Saat langit tak lagi mampu bersua dalam lirih jerit tawa yang lara. Tetap saja sedekat apapun waktu, aku tak kan pernah bisa kembali memutarnya. Massa yang lalu telah menjadi kenangan. Persahabatan bukan hanyalah kata, yang ditulis pada sehelai kertas tak bermakna. Tapi persahabatan merupakan sebuah iktan suci yang ditoreh di atas dua hati, ditulis bersama dengan tinta kasih sayang.
1 tahun berlalu. Aku sekarang duduk di kelas 2 SMA. Tak terasa sudah menjadi kakak kelas. Aku ingin berbagi kisahku di awal masuk SMA. Rasanya seperti menemukan dunia baru.

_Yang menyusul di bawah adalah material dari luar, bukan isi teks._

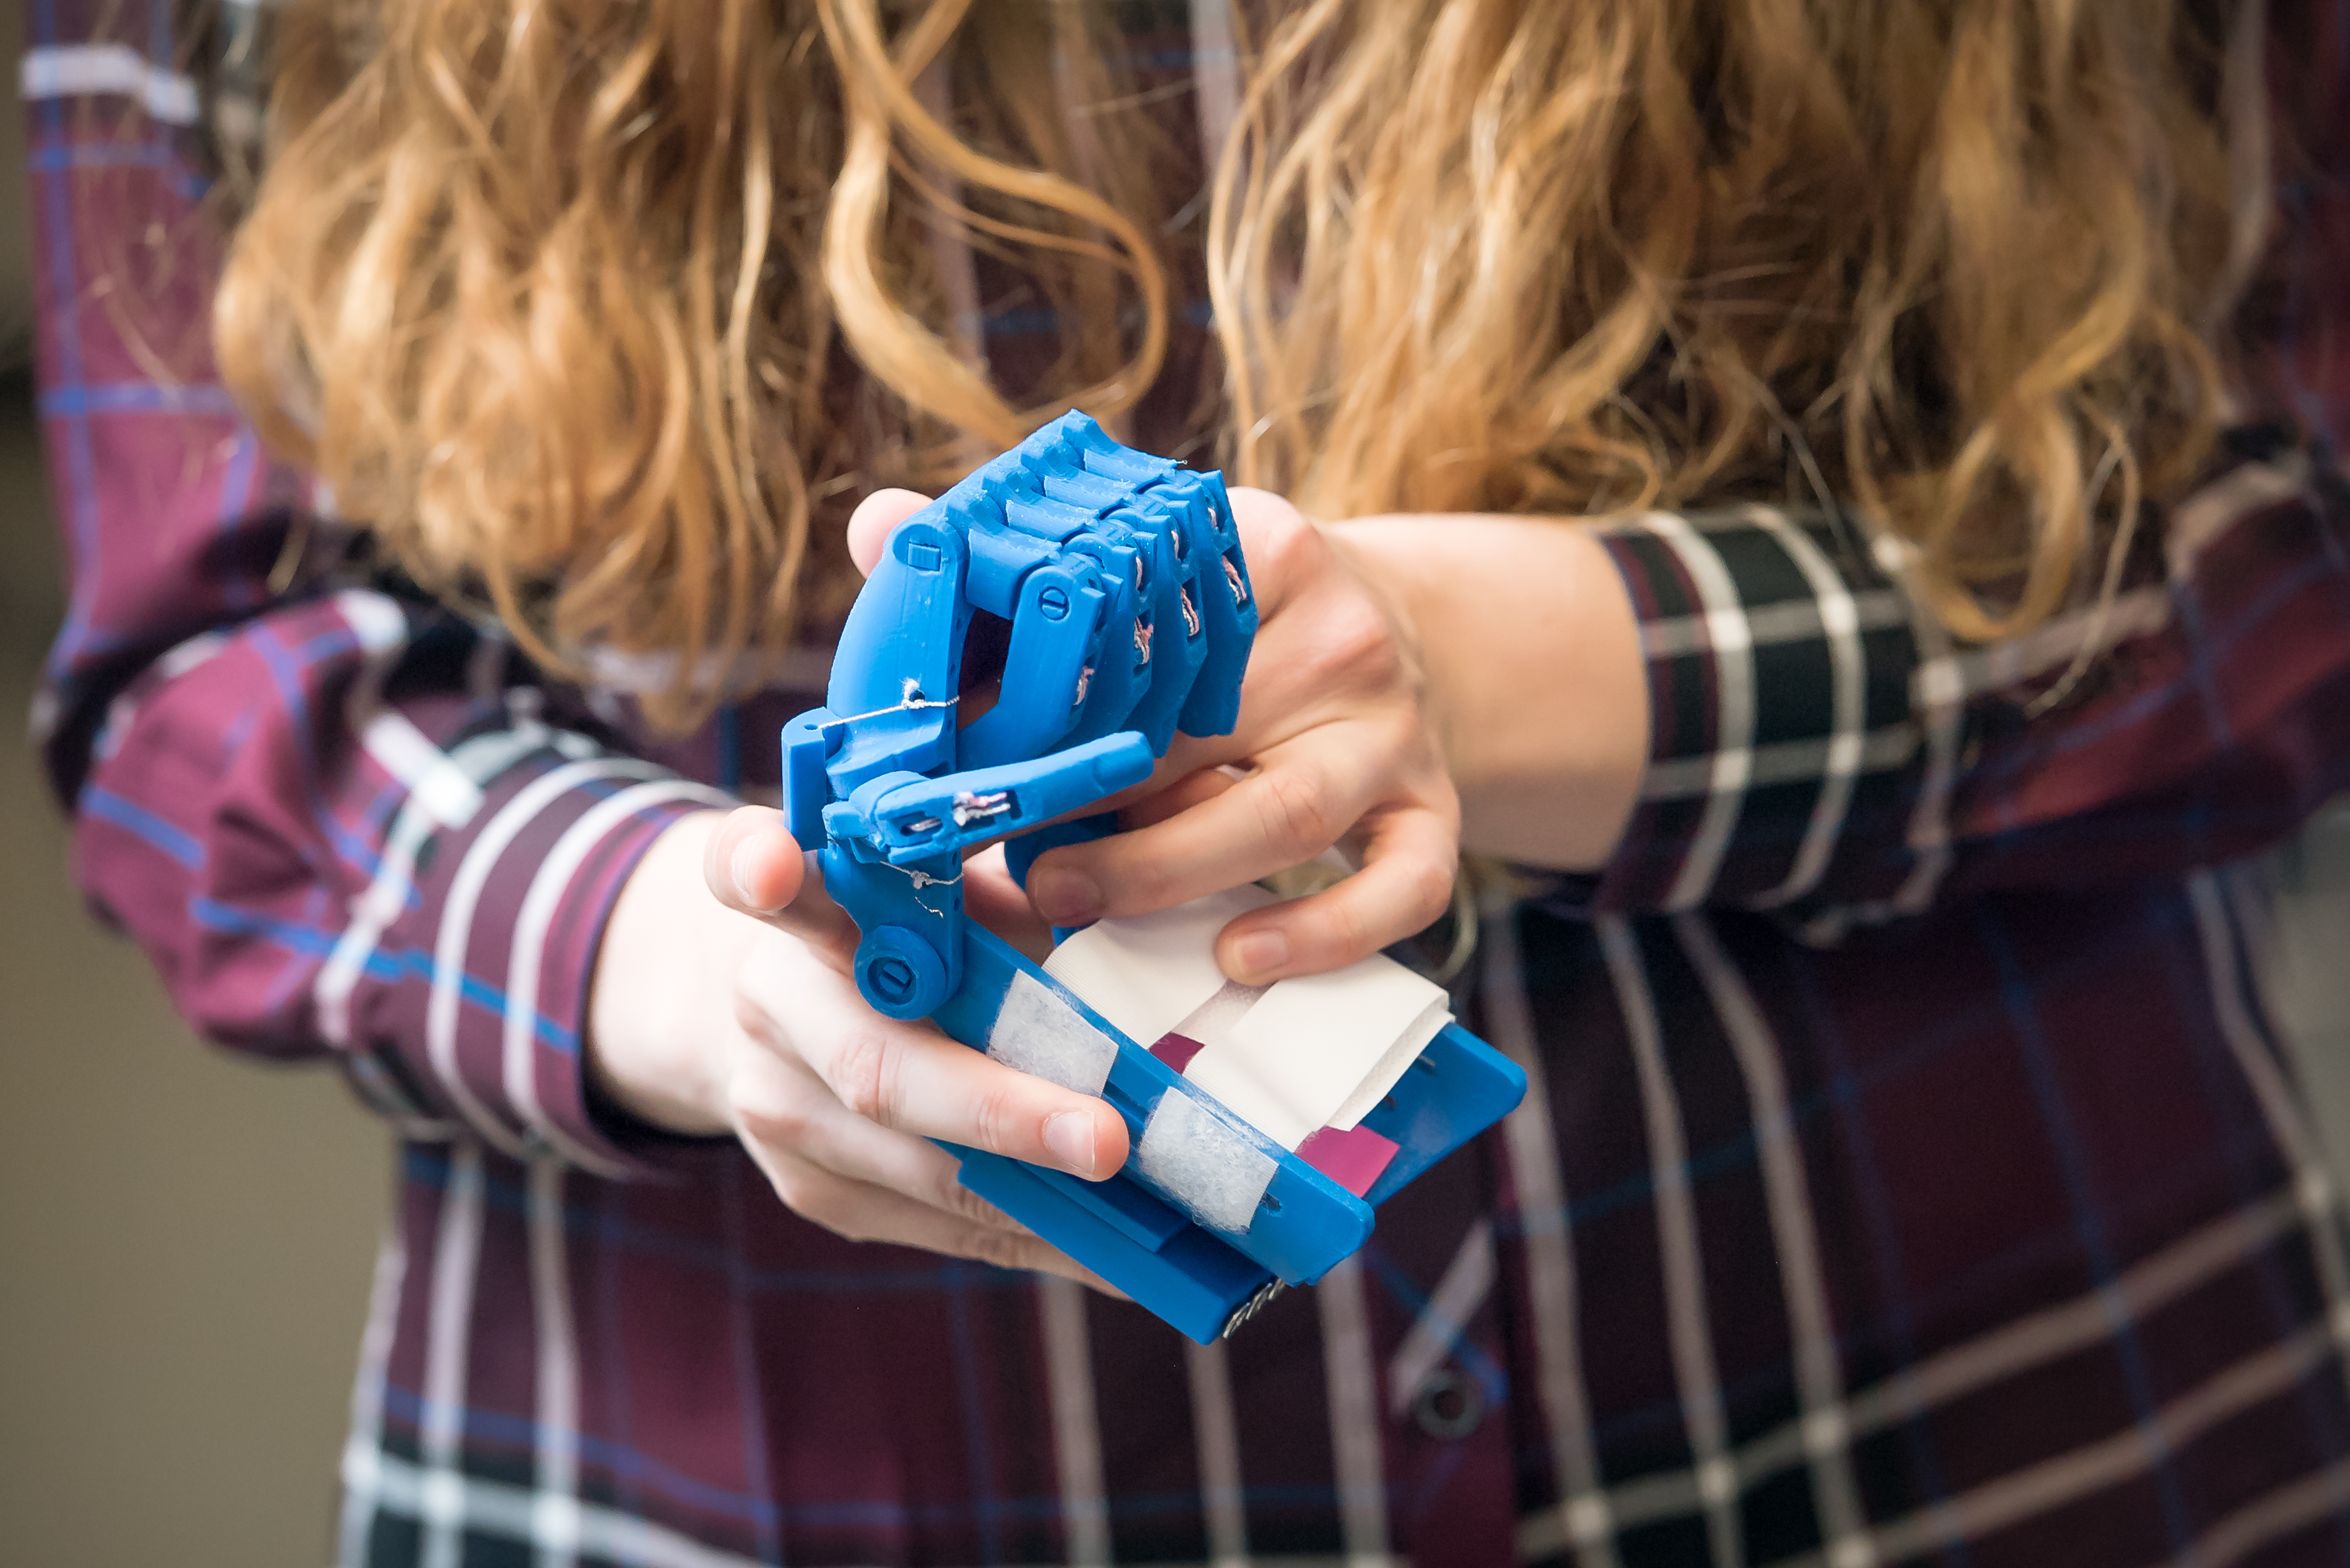 Using 3-D Printer, Engineering Student Creates Prosthetics for Children

Di kelas, aku masih menyendiri. Bagai penyakit anak baru yang masih malu-malu dan lugu. Bahkan merasa sepi dalam keramaian. Bukan lantaran tak ada yang ingin berteman denganku. Namun terukir di benakku, aku baru saja menemukan dunia baru dengan tantangan yang baru pula. Tantangan untuk mendapatakan sahabat sejati nan sehati.
Hari-hari kulalui di kelas. Aku mulai dekat dengan seorang temanku bernama Putri. Kedekatan kami berawal, ketika aku ingin solat zuhur di masjid Arafah, yaitu masjid yang ada di SMA-ku. Mulanya aku kurang pede pergi ke masjid sendirian. Hingga bosan aku bergelut dengan keraguan, akhirnya kucoba melangkah. Tiba-tiba ada yang memanggil dan mengahmpiriku dari belakang, lalu mengulurkan tangannya.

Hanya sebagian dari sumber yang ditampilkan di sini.